Picking up a slice of pizza or sending a text message: Scientists long believed that the brain signals for those and related movements originated from motor areas in the frontal lobe of brain, which control voluntary movement.

But that may not always be true. A new brain pathway has been identified by neuroscientists at the University of Pittsburgh School of Medicine and the University of Pittsburgh Brain Institute (UPBI) that could underlie our ability to make the coordinated hand movements needed to reach out and manipulate objects in our immediate surroundings. The discovery was made in a non–human primate model, but researchers believe that a similar pathway is likely to be present in humans as well.

The results, published in the journal Proceedings of the National Academy of Sciences journal, show that the neural pathway originates not from the frontal lobe, but from the posterior parietal cortex (PPC), a brain region that scientists previously thought was involved only in associating sensory inputs and building a representation of extrapersonal space.

“The findings break the hard and fast rule that a furrow in the brain called the central sulcus – a Mississippi River–like separation – splits up the areas controlling sensory and motor function,” said senior author Peter Strick, PhD, Thomas Detre Professor of Neuroscience, Distinguished Professor and chair of neurobiology, Pitt School of Medicine, and scientific director of UPBI. “This has implications for how we understand hand movement and may help us develop better treatments for patients in whom motor function is affected, such as those who have had a stroke. Our study also will have a direct impact on the efforts of researchers studying neural prosthetics and brain computer interfaces.”

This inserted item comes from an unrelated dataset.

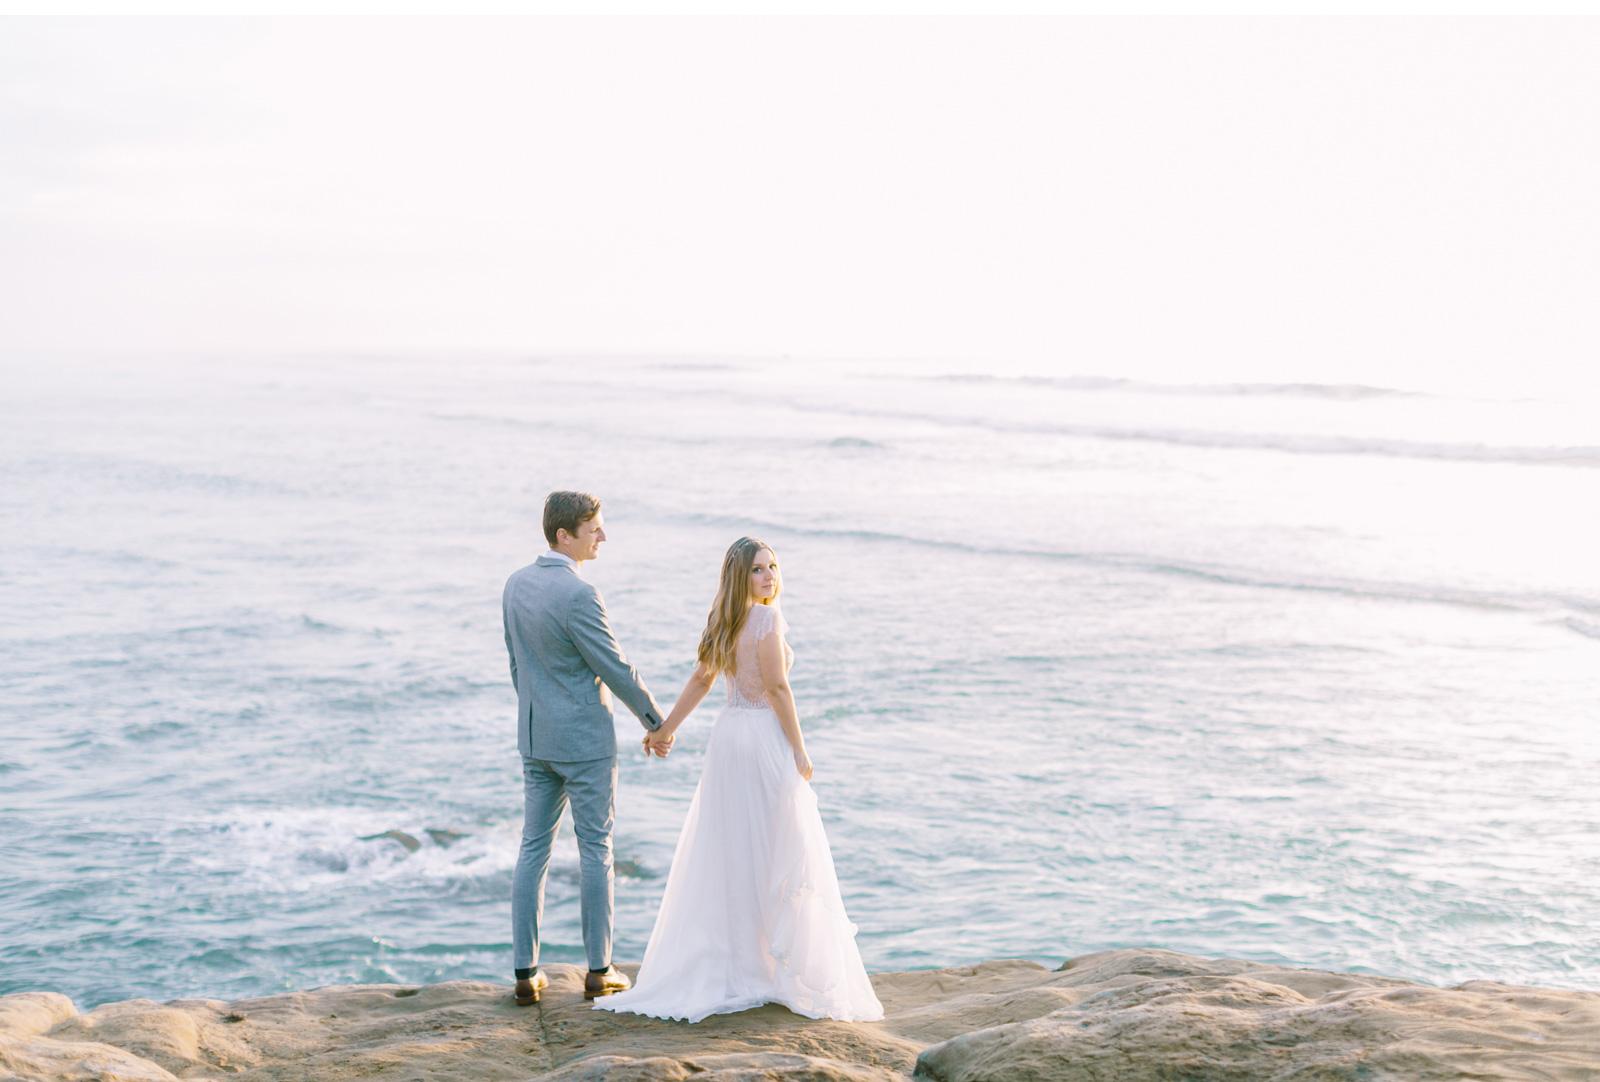 Hawaii-Fine-Art-Wedding-Photographer-Natalie-Schutt-Photography-Style-Me-Pretty_13.jpg
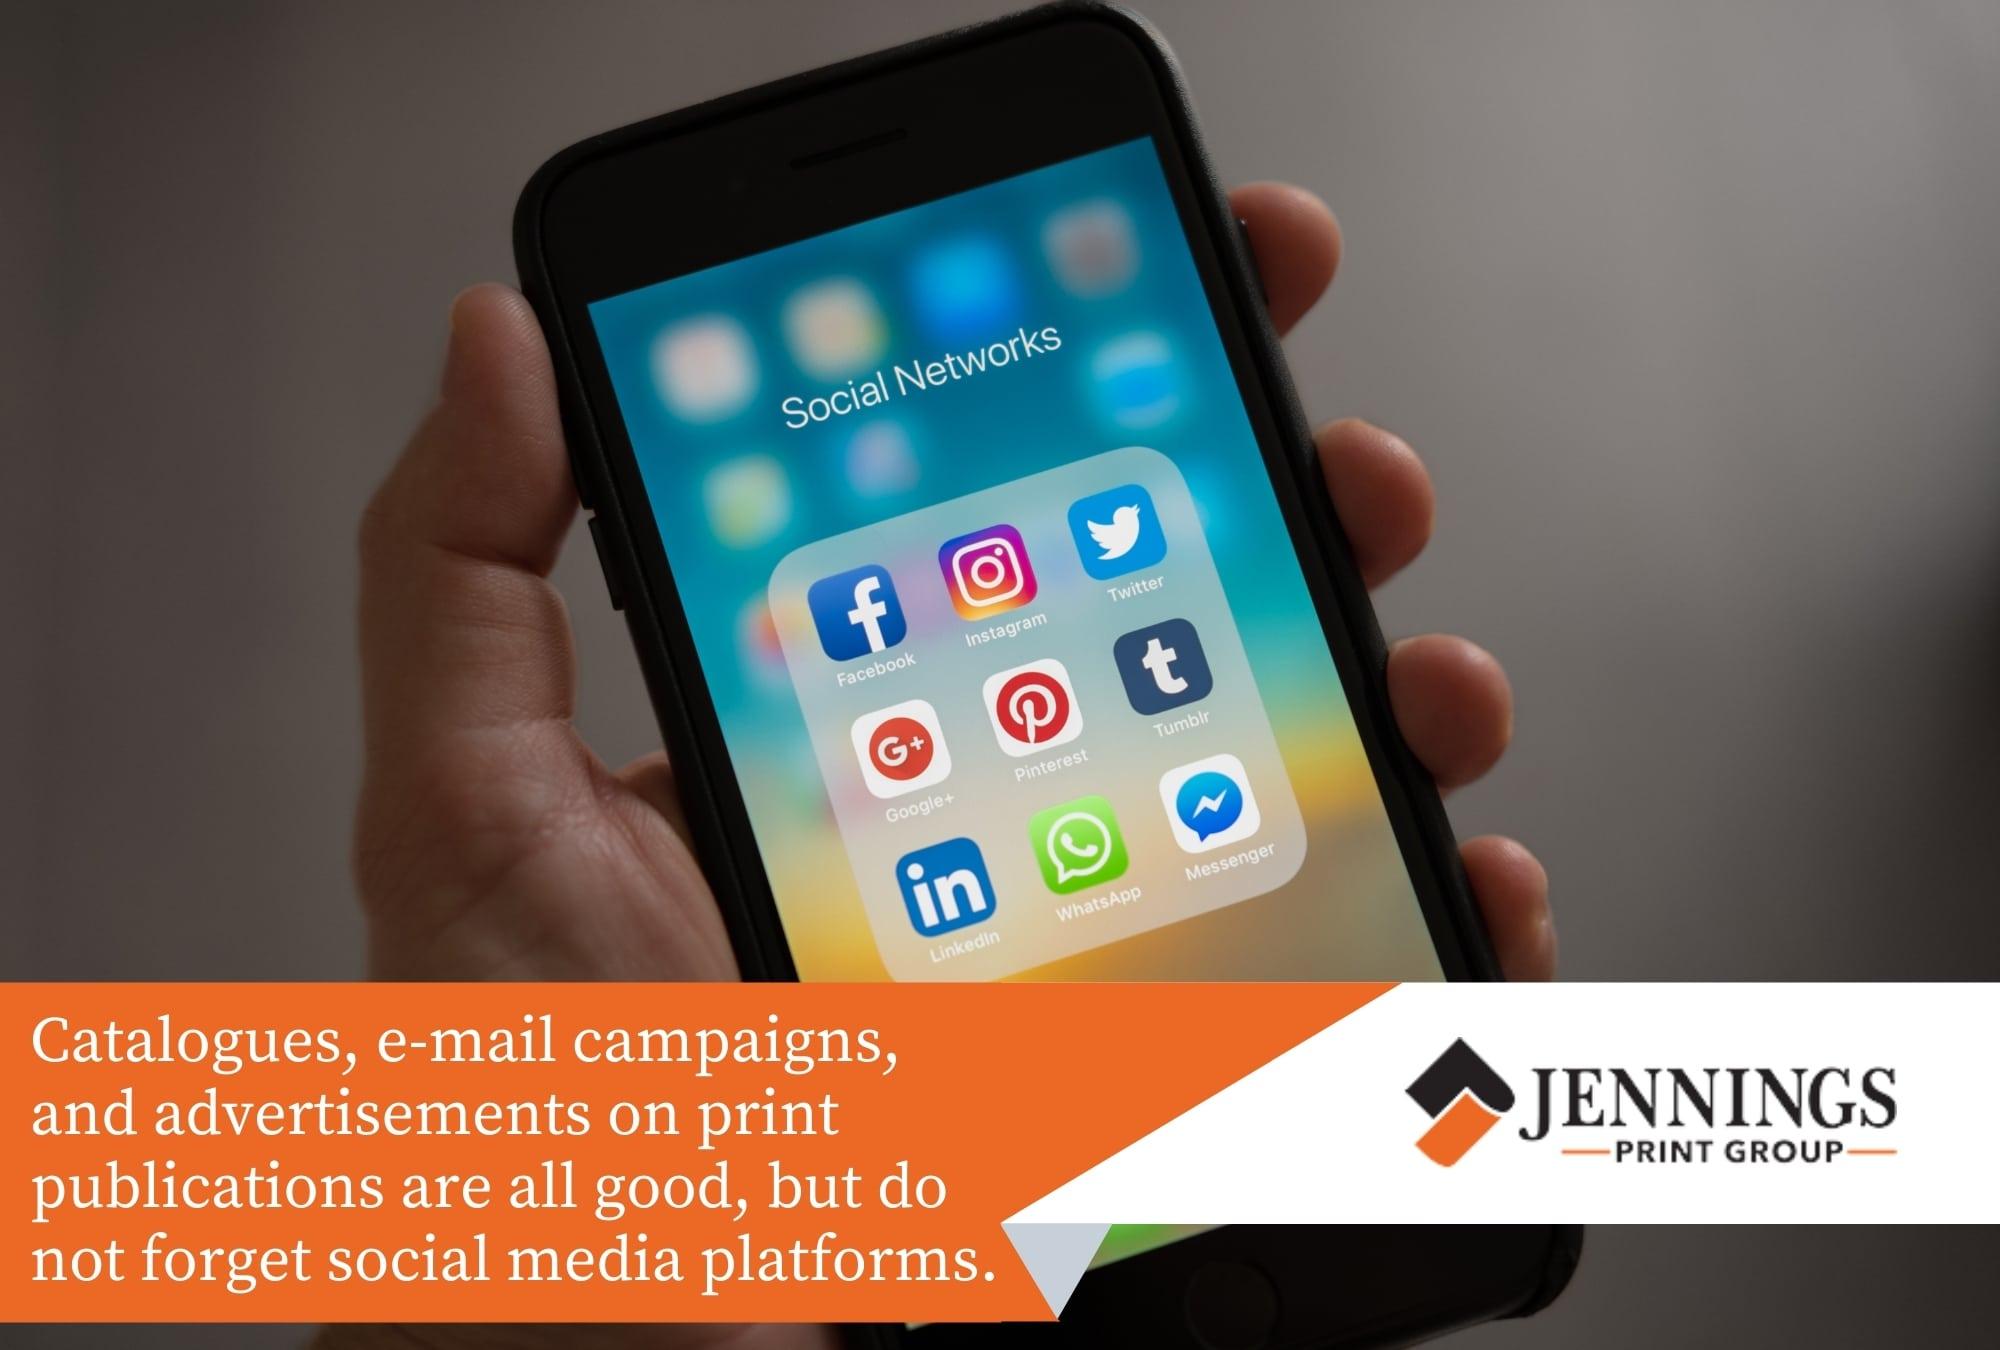 Utilise social media platforms.

More than three decades ago, renowned neuroscientist Vernon Mountcastle proposed the presence of a movement control center in the PPC and termed it a ‘command apparatus’ for operation of the limbs, hands and eyes within immediate extrapersonal space.

In the current study, Strick and his team confirm that such a command apparatus exists and demonstrate a new pathway that connects the PPC directly to neurons in the spinal cord that control hand movement.

The research team conducted three separate experiments in a non–human primate model to make the discovery. They first showed that electrical stimulation in a region of the PPC called “lateral area 5” evoked finger and wrist movements in the animal. When they injected a protein marker into lateral area 5, they found that the marker made its way to the spinal cord and ended in the same location where the neurons controlling hand muscles are known to be present, suggesting a connection.

“The wiring and the connections from the PPC to the spinal cord and the hand look extremely similar to those from the frontal lobe that have been extensively studied. Similar form suggests similar function in controlling movement,” said Jean–Alban Rathelot, PhD, a research associate in Strick’s laboratory and the lead author of the new study.

For their final experiment, they used a strain of rabies virus as a ‘tracker’ since it has the ability to jump across connected neurons. The team found that when they injected the virus into a hand muscle, it was indeed transported back to neurons in the same region of PPC where stimulation evoked hand movements. This result demonstrated the existence of a direct pathway from lateral area 5 to spinal cord regions that control hand muscles.

Strick and his team believe that the multiple pathways for controlling hand movement from the frontal lobe and the PPC could work together to execute one complex hand task or could work in parallel to speed up movement, much like multiple processors in a computer can enhance efficacy.